The “Vietnam Syndrome” wasn’t a unique phenomenon—“post-war disillusionment” has been a long-standing object of discourse. The second world war has been remembered as the last war that the US fought with a clear and just purpose, but such summary fails to capture the spectre of readjustment. There was ballyhoo from the pulpit to the printing press, all to do with what one pastor would call “the veteran type of mind” Suddenly, with victory at hand, the very qualities of grit and camaraderie that made American heroes made them suspect, potential revolutionaries. In Film Noir: A Critical Introduction, Ian Brookes outlines how pervasive the concern was, to the point of becoming formulaic: among medical practitioners, “‘veteran’ meant ‘the veteran problem’ and that ‘readjustment,’ as defined by social scientists themselves, constituted the social mechanism necessary to solve it.” And while the GI Bill was veterans organizations were established, and readjustment faded before the red scare, the cinema would make sure the file stayed open.

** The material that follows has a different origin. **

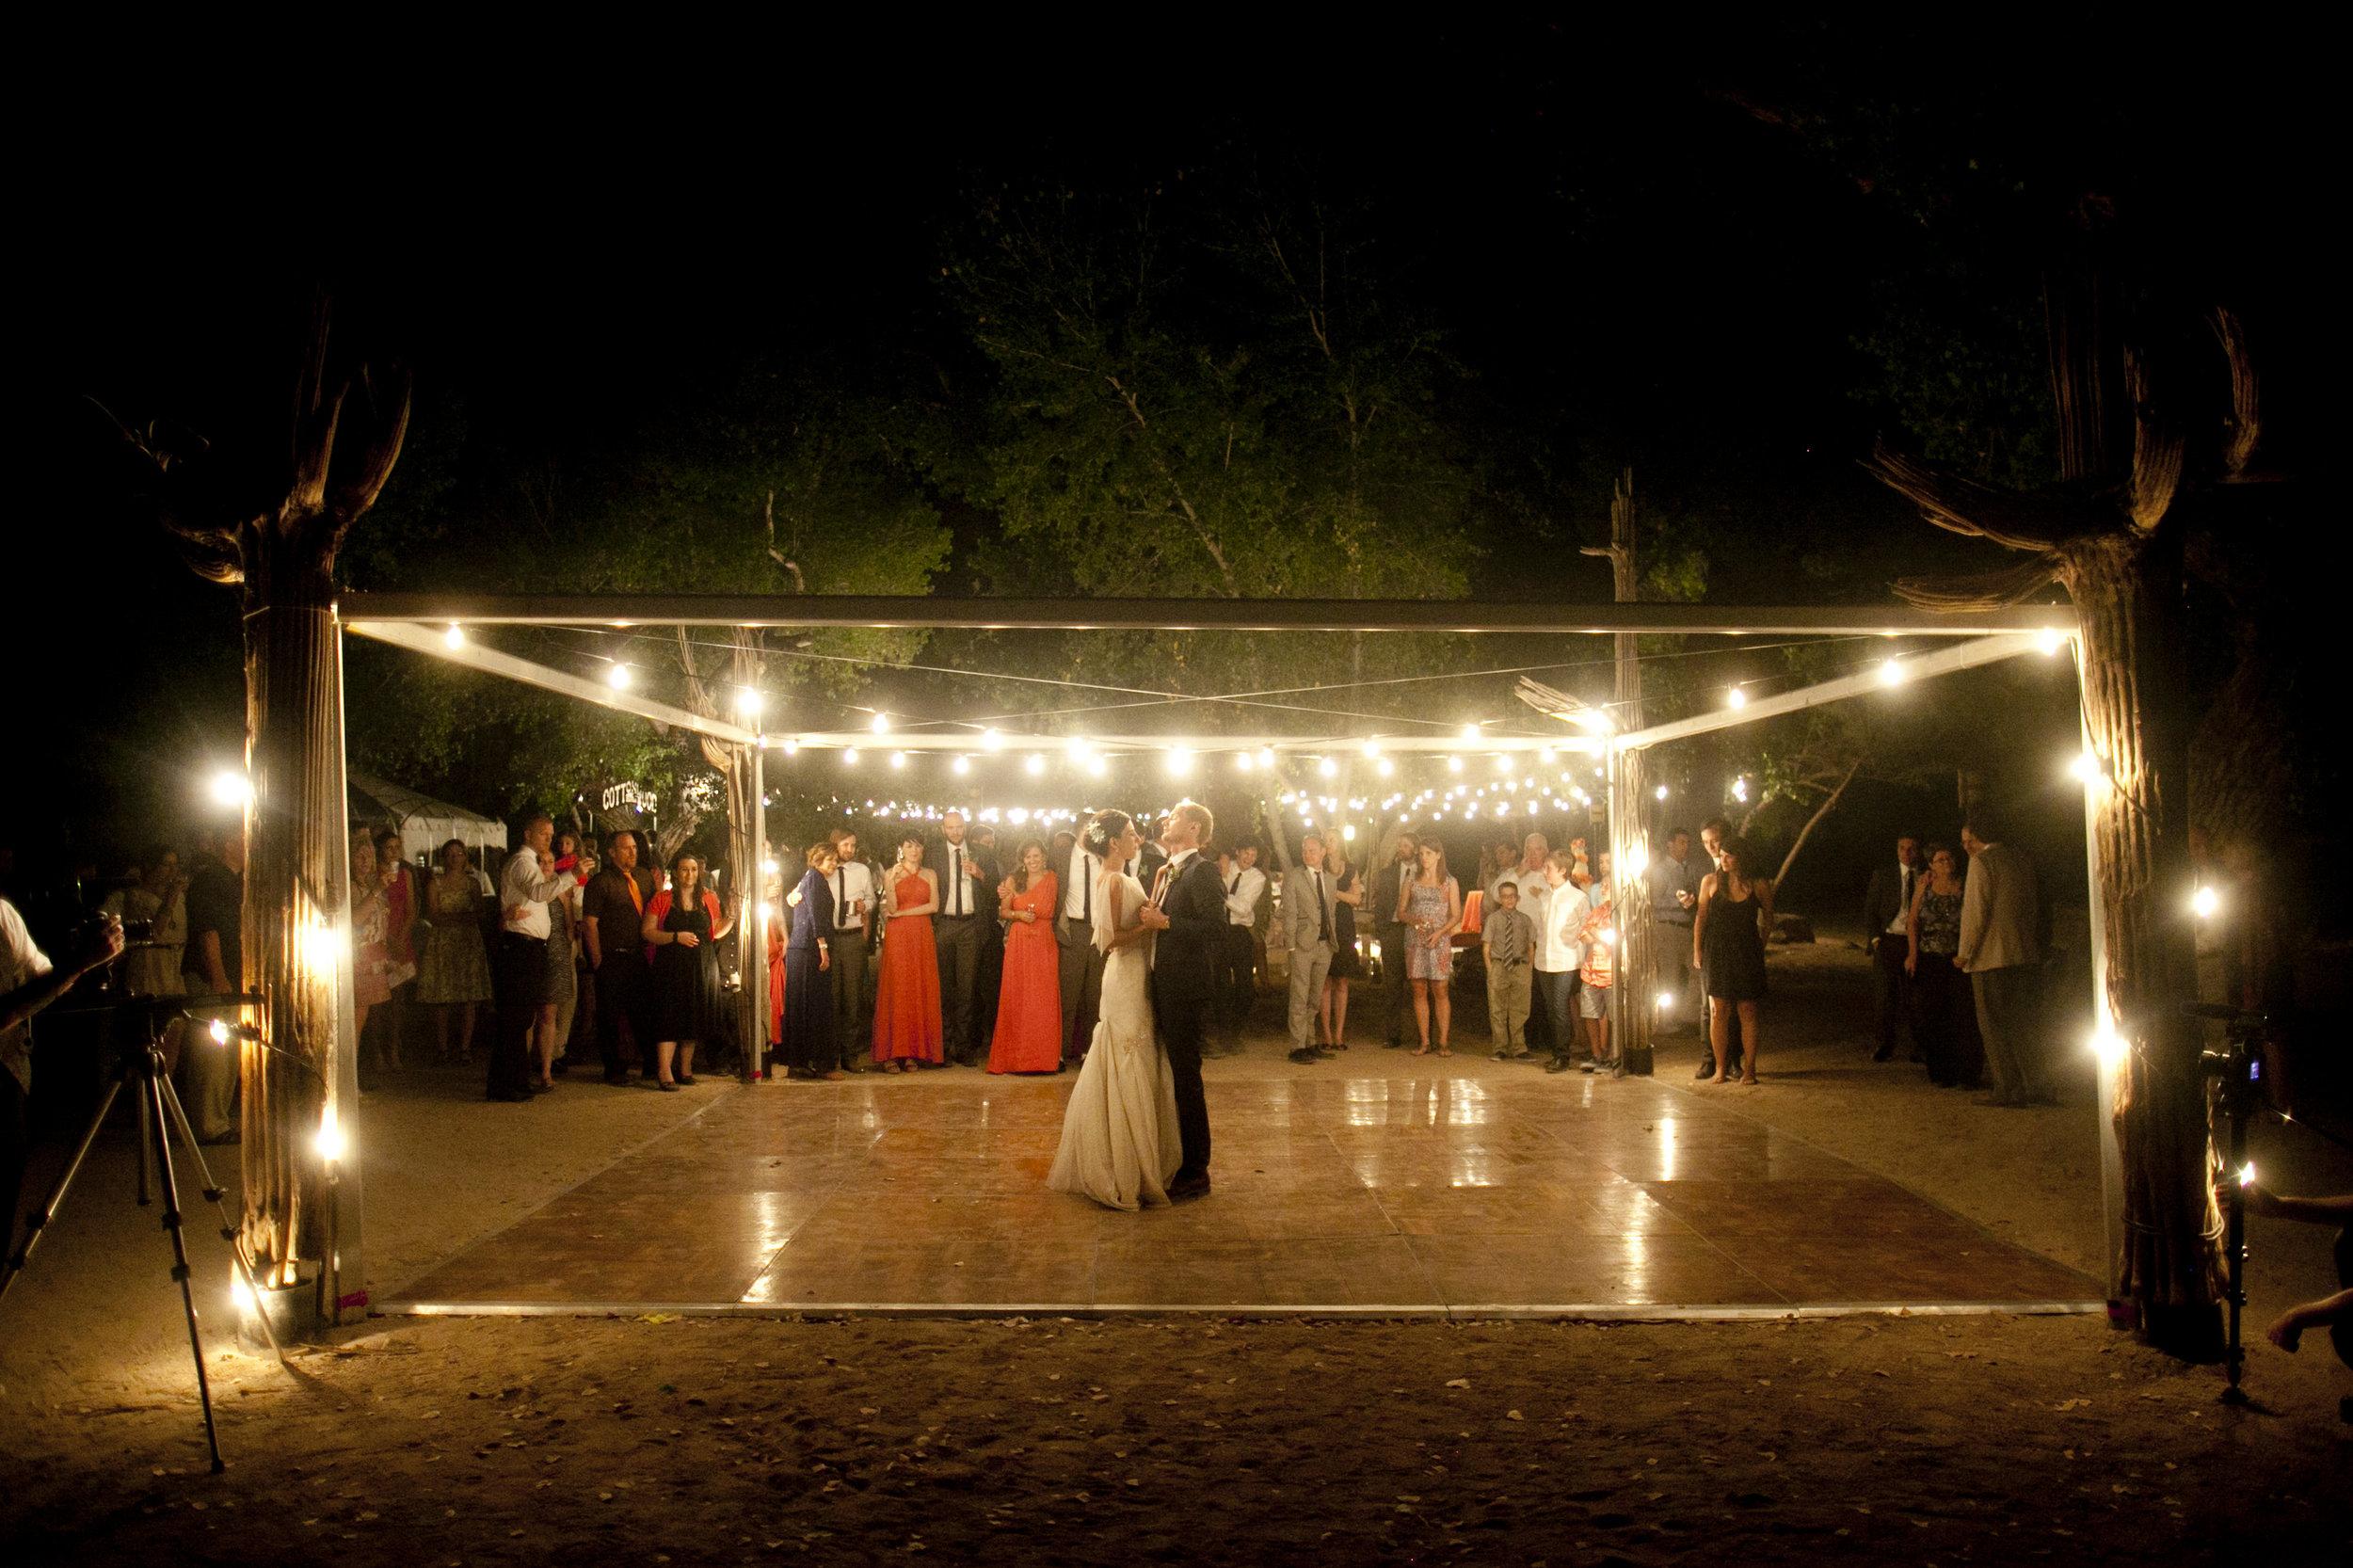 Ceci_New_York_Ceci_Style_Ceci_Johnson_Luxury_Lifestyle_Arizona_Wedding_Watercolor_Inspiration_Design_Custom_Couture_Personalized_Invitations_204.jpg

Icons of the screen like Humphrey Bogart in In a Lonely Place would return from the war as violent men, thieves, murderers, and traitors. Most of the time, the war existed in allusion, as with Taxi Driver. Then there are the more explicit “veteran stories”, which created a “filmic” framework for PTSD decades before it became an established psychiatric category. It’s impossible to separate “flashbacks” from ideas of “non-linear storytelling”.

In The Clay Pigeon, Jim Fletcher (Bill Williams) wakes up in a veteran’s hospital after spending time as a POW in Japan. The entire staff loathes him, but he doesn’t know why (a blind veteran walks into his room and feels up his face, just to know what a dirty traitor looks like. The sadistic side of noir doesn’t get funnier than this). Supposedly, he informed on his best friend, greeted with a summary execution for stealing food. Jim doesn’t remember. Sometimes he’s plagued with headaches, sometimes with visions of a particularly ruthless guard, whip raised in caricature/close-up.

It shouldn’t be a surprise to hear that Jim manages to clear his name. Alan Ladd doesn’t kill his wife after returning from overseas in The Blue Dahlia; John Hodiak didn’t commit murder/larceny before waking up in an Okinawa field hospital in Somewhere in the Night. We get to see the true culprit face justice; guilt, and presumably the suffering caused by war, is shouldered, because in these films, crimes are committed on an individual basis. In classic noir fashion, these are Gordian knots of shocks and dead ends. But what if crime was norm? What if war and crime were inseparable? What if America used the fantasy of individual incrimination to let the actual decision makers get off the hook for Abu Ghraib?

The thing is, The Card Counter doesn’t exactly counter this notion of individual responsibility. It is, in fact, unshoulderable. Tell goes through the motions as a self-flagellation, even a reenactment of his own crimes: When we are greeted with flashbacks, they aren’t disembodied close-ups, but wall-peeling tours through Abu Ghraib, whose use of a VR headset mirrors the use of steadicam within the present-day casinos. And while Tell will reach a violent catharsis by killing Gordo in “the world series of torture” (seriously), the film isn’t proposing a way out of atonement.

What there is, is an inescapable beauty in life. This is what Tell is resisting when he creates a predictable life for himself. I’m reminded of how Norman M Klein comments in A History of Forgetting on how noir directors “talk about L.A. like a bus driver giving a guided tour through a parking lot.” The scene I describe at the top, walking through the light display, is exactly that—Schrader gets his Pickpocket-style lightning-bolt ending in as well, but here the experience of joy is like trying to boil a frog. You don’t recognize your own happiness until it’s already happened—until the inevitable has happened.